# What to do
Return the full listing unchanged, apart from leaving out its images.

# Input data
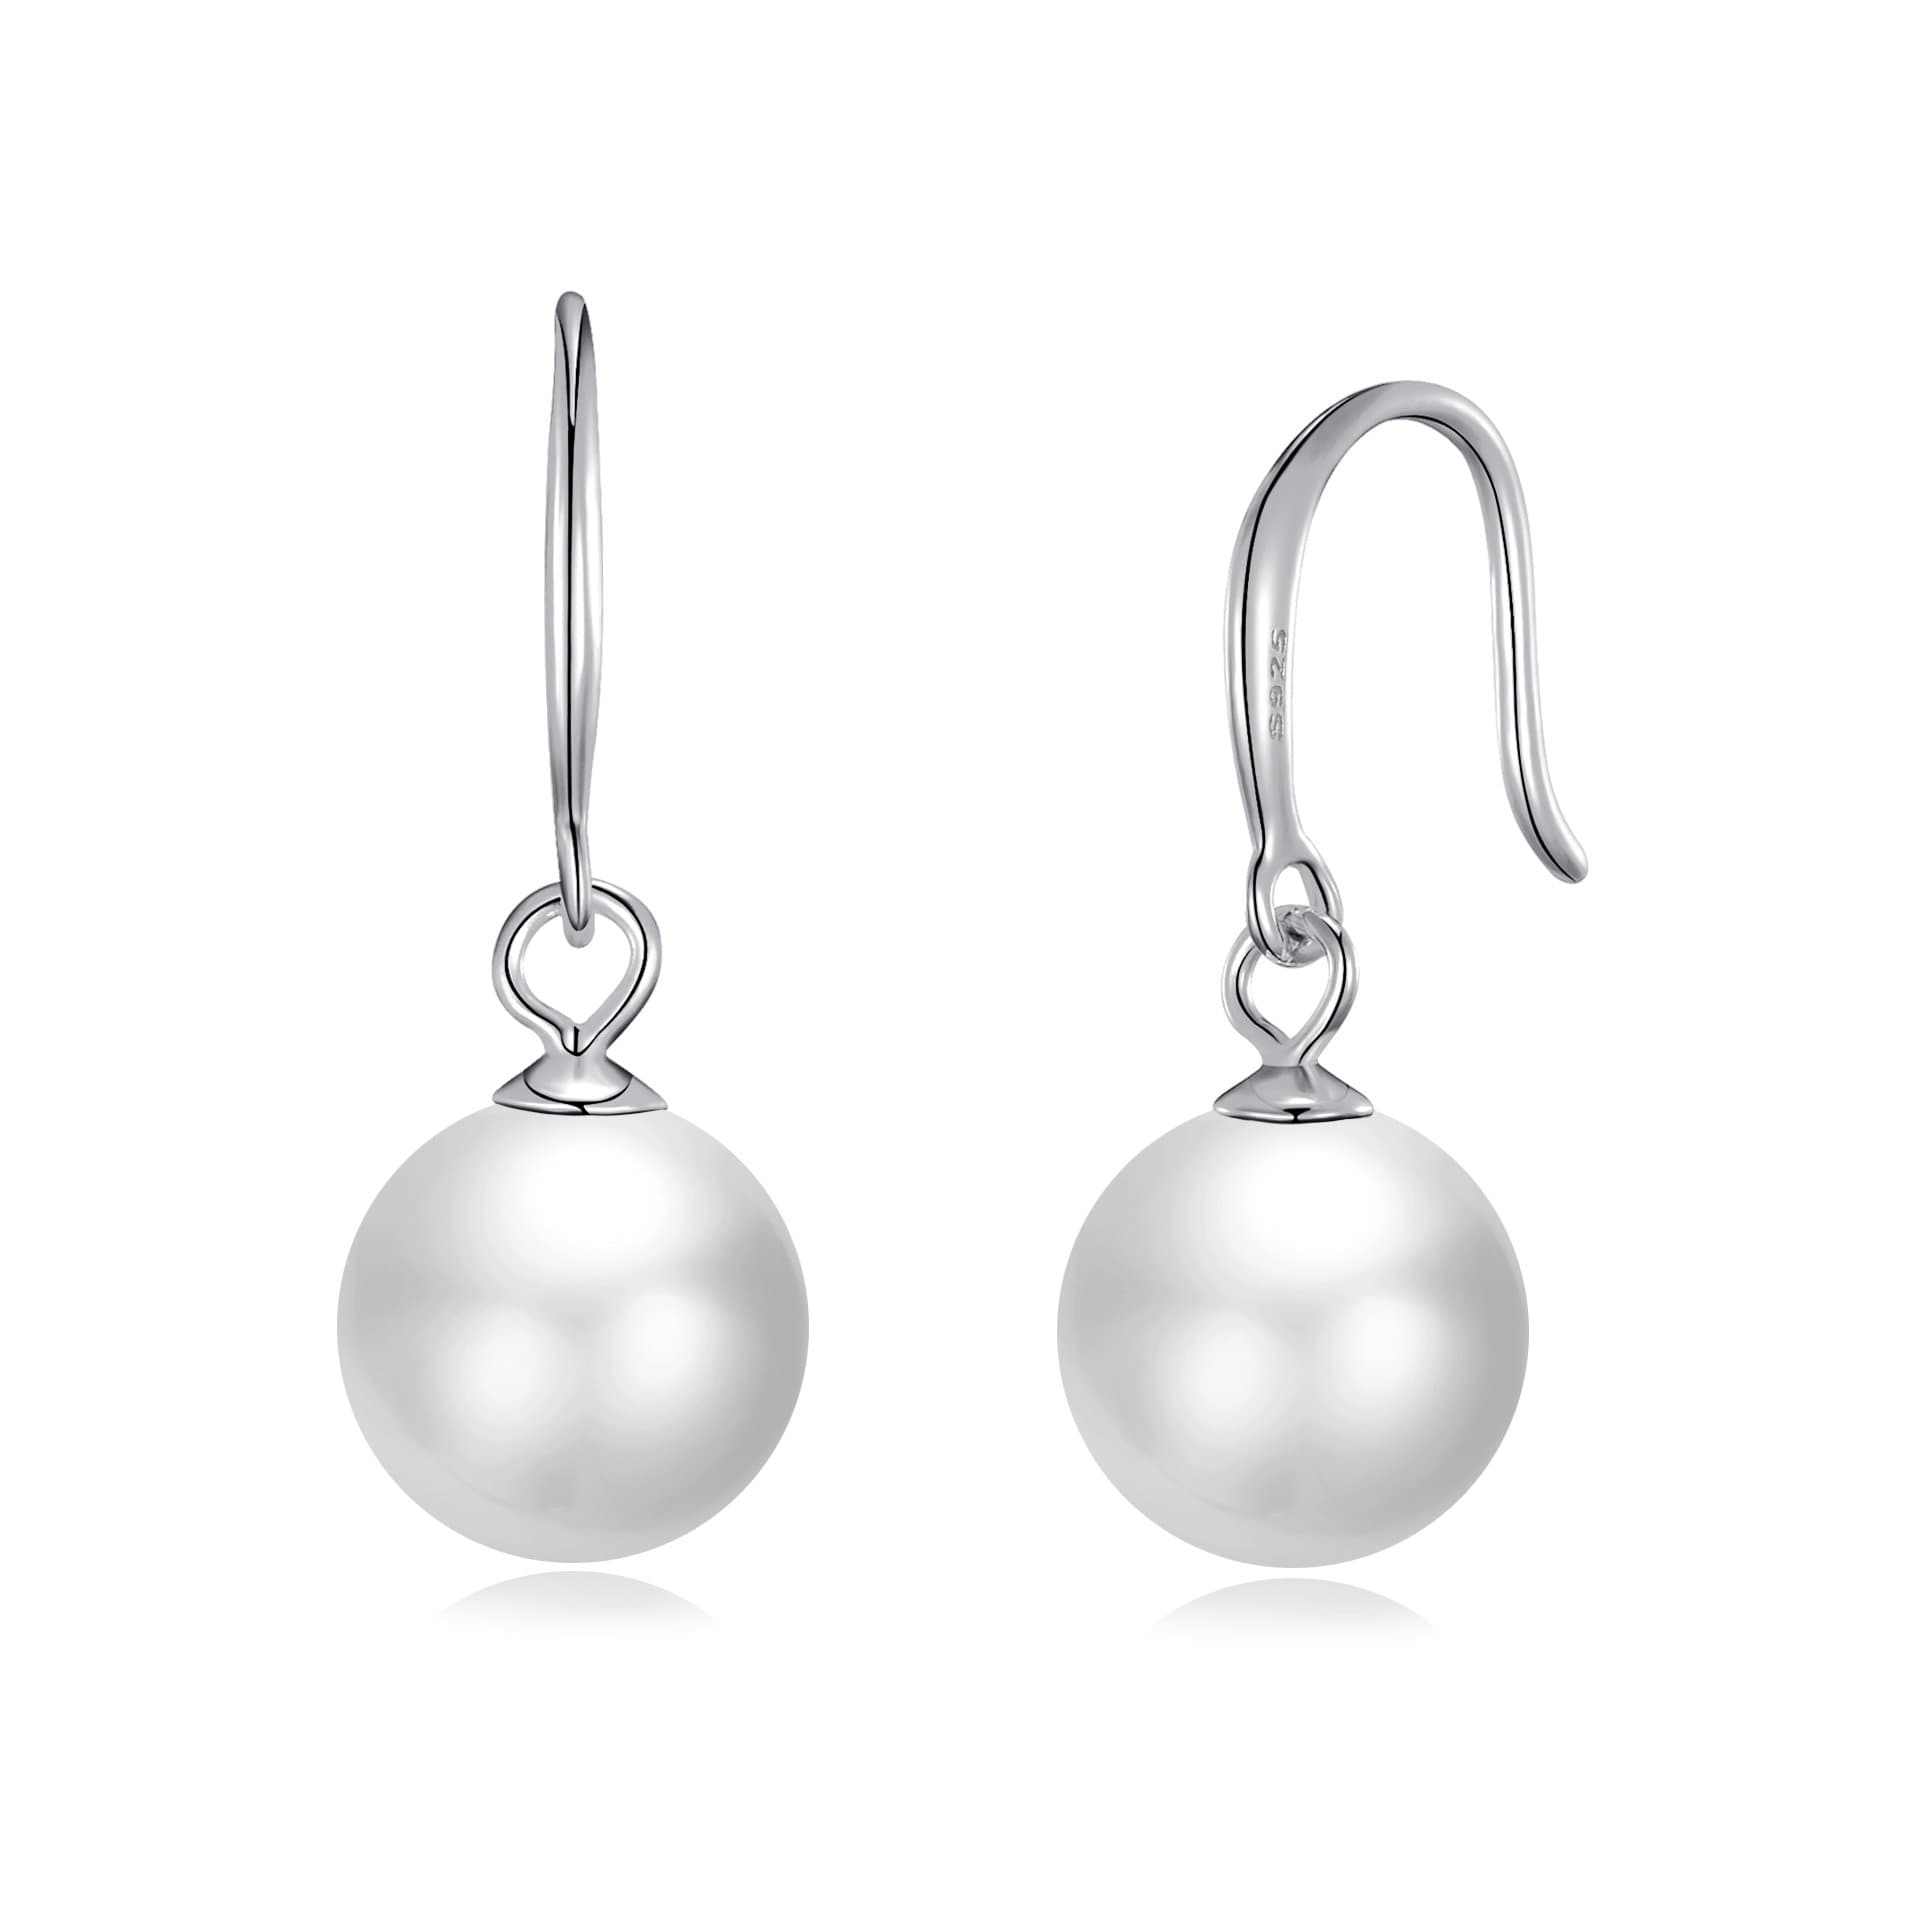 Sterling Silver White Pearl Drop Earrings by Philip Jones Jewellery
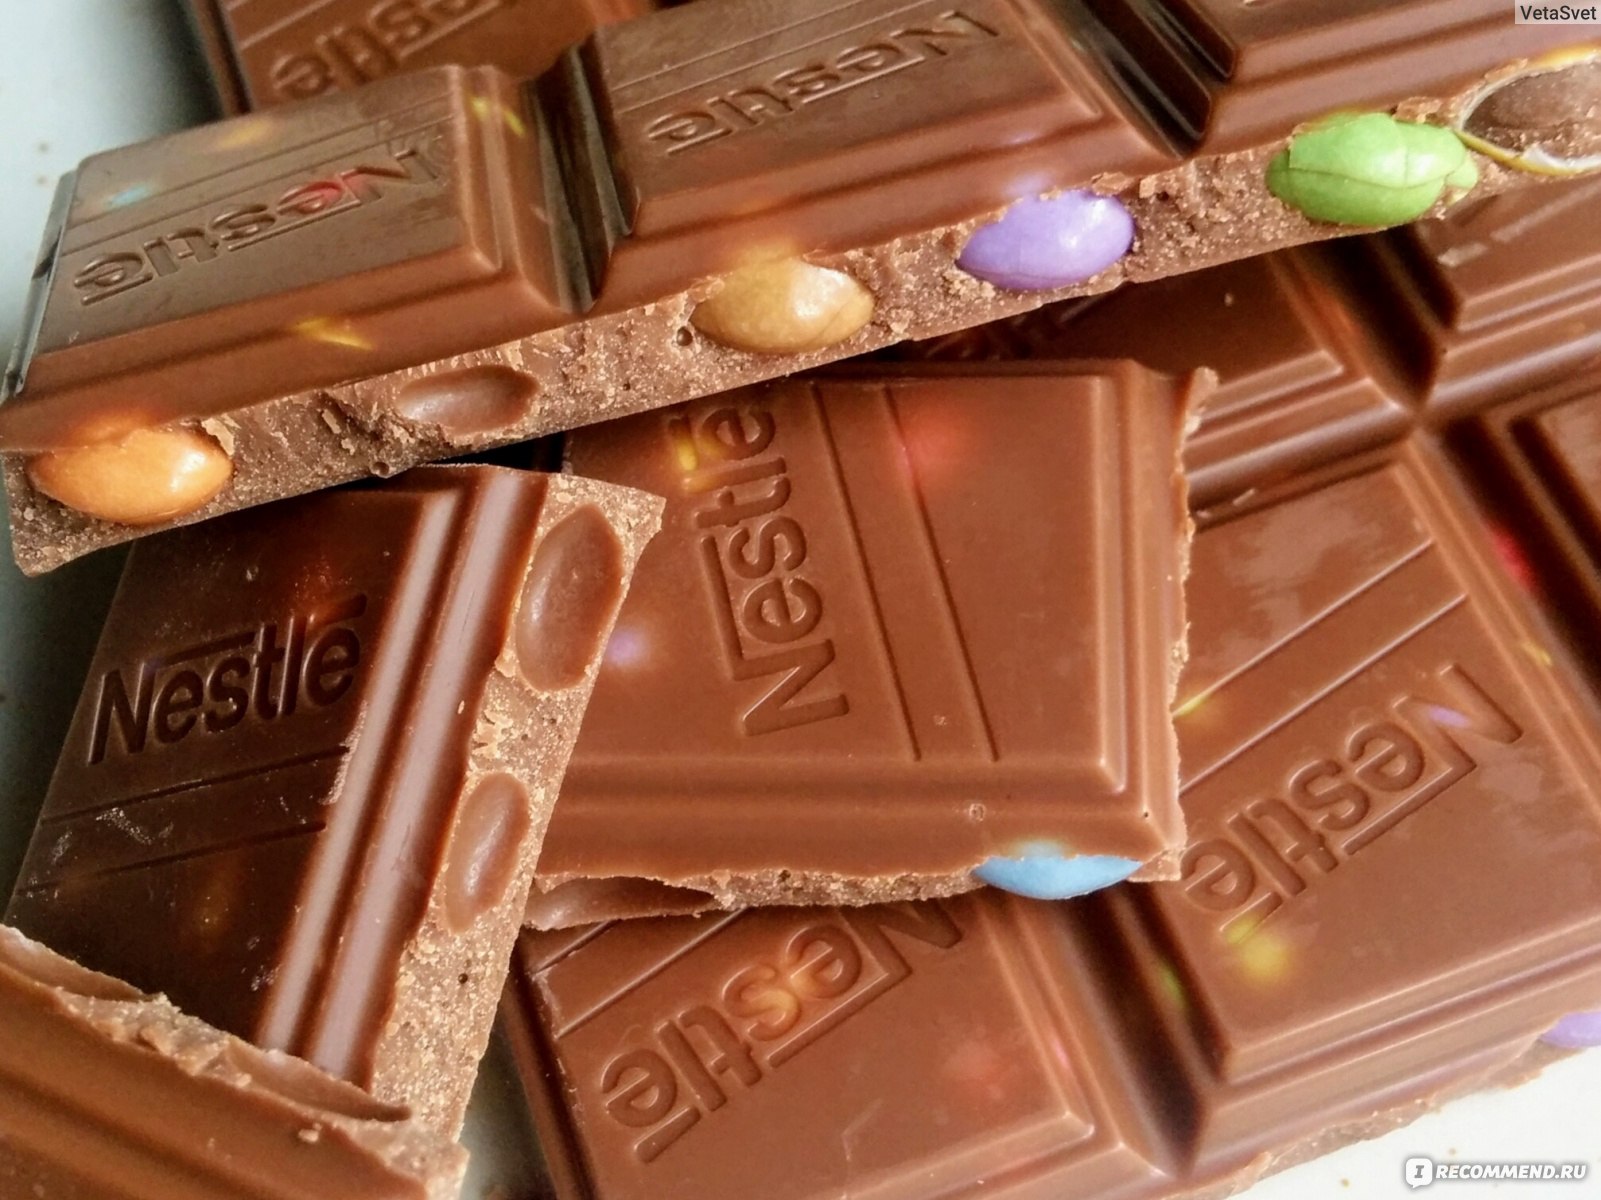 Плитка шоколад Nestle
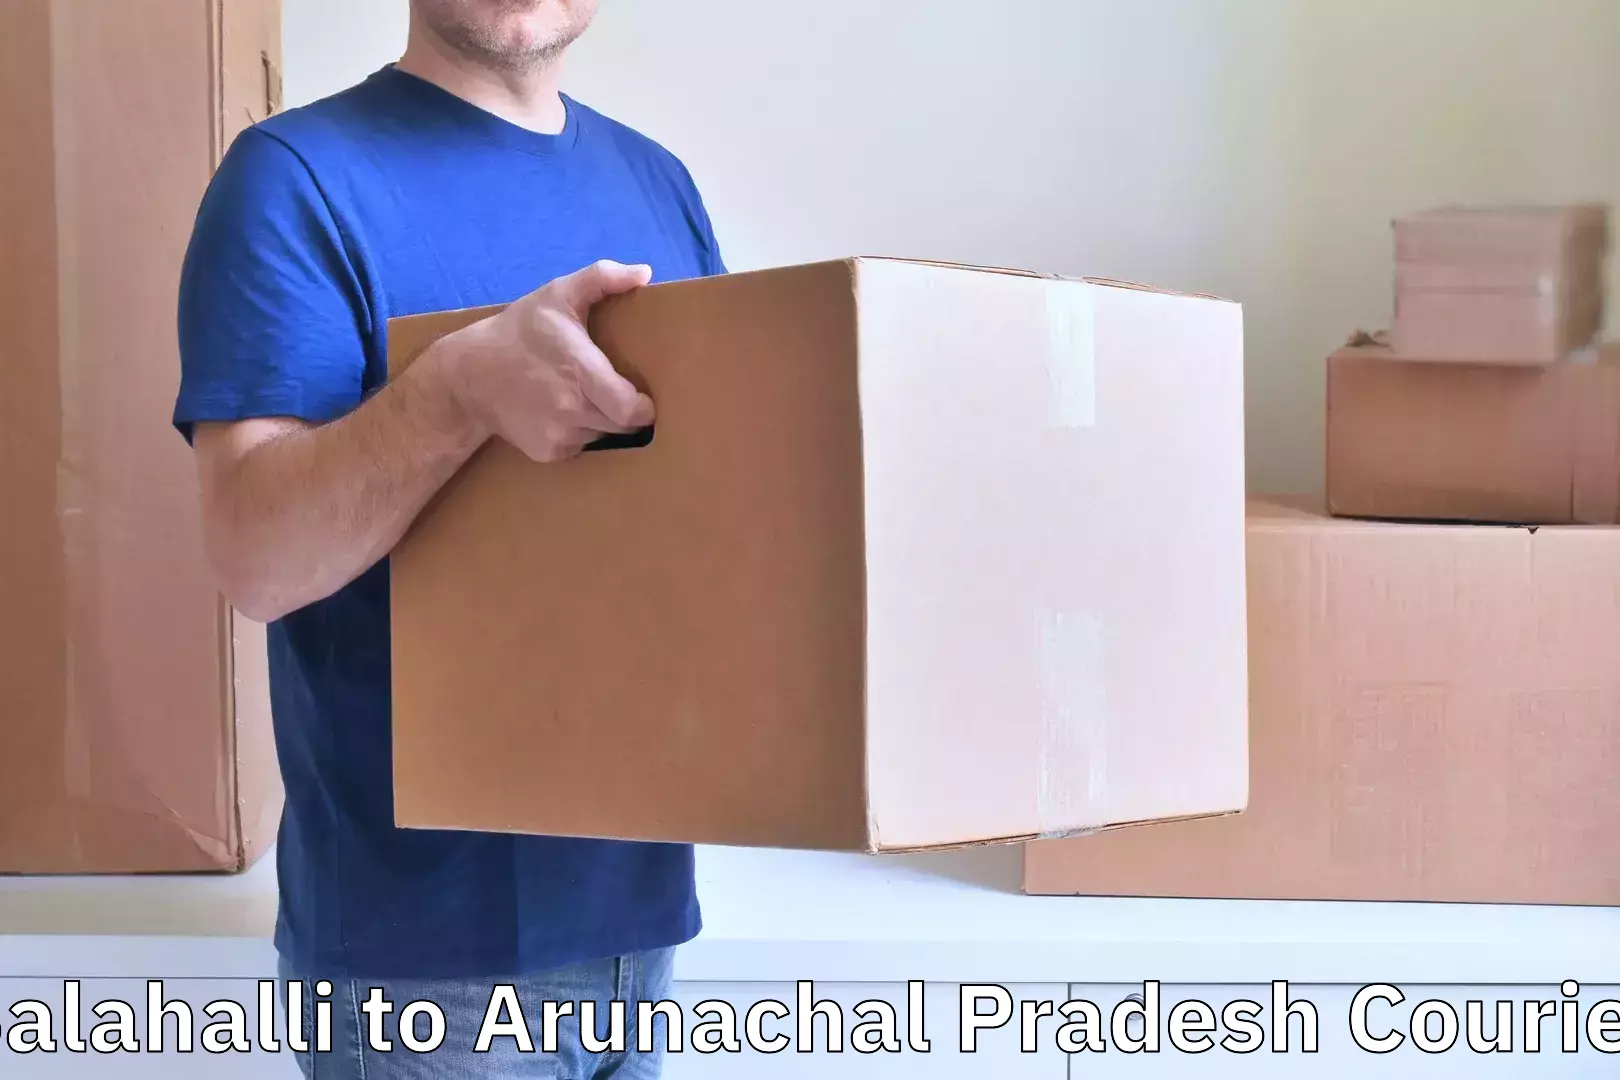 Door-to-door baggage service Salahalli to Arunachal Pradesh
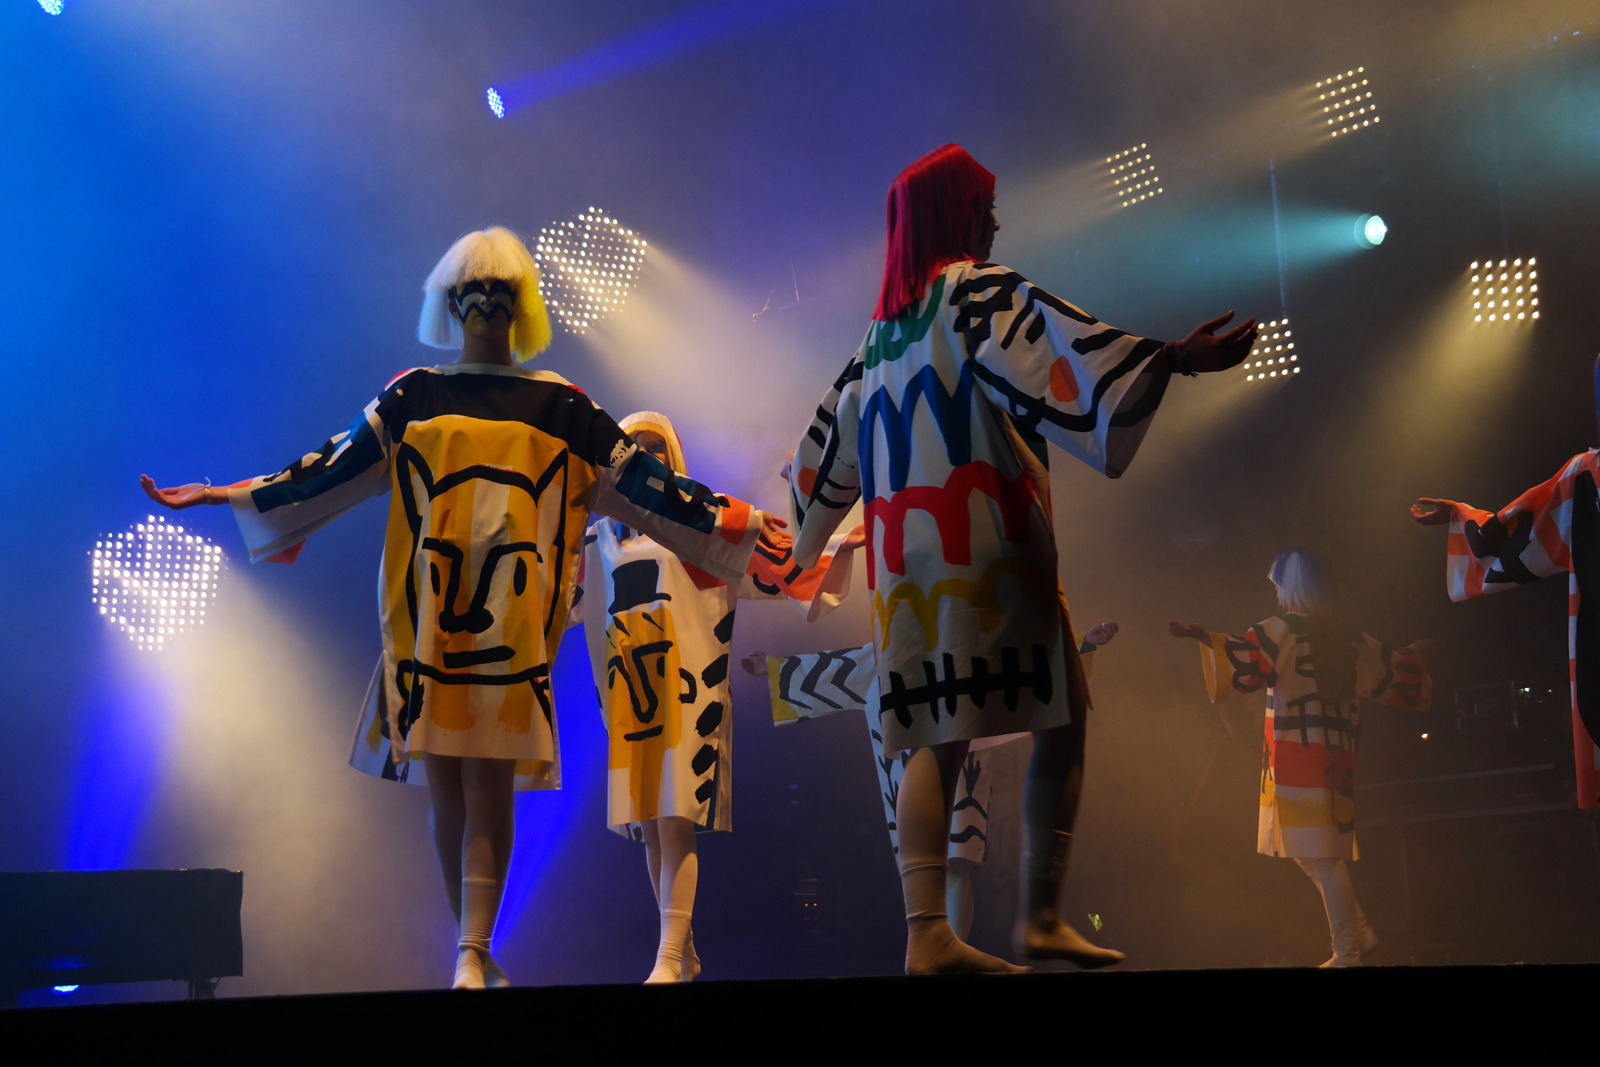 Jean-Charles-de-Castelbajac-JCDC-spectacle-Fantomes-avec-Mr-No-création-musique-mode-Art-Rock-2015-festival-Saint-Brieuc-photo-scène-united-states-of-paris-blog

# Response to the task
 Sterling Silver White Pearl Drop Earrings by Philip Jones Jewellery
 Плитка шоколад Nestle
 Door-to-door baggage service Salahalli to Arunachal Pradesh
 Jean-Charles-de-Castelbajac-JCDC-spectacle-Fantomes-avec-Mr-No-création-musique-mode-Art-Rock-2015-festival-Saint-Brieuc-photo-scène-united-states-of-paris-blog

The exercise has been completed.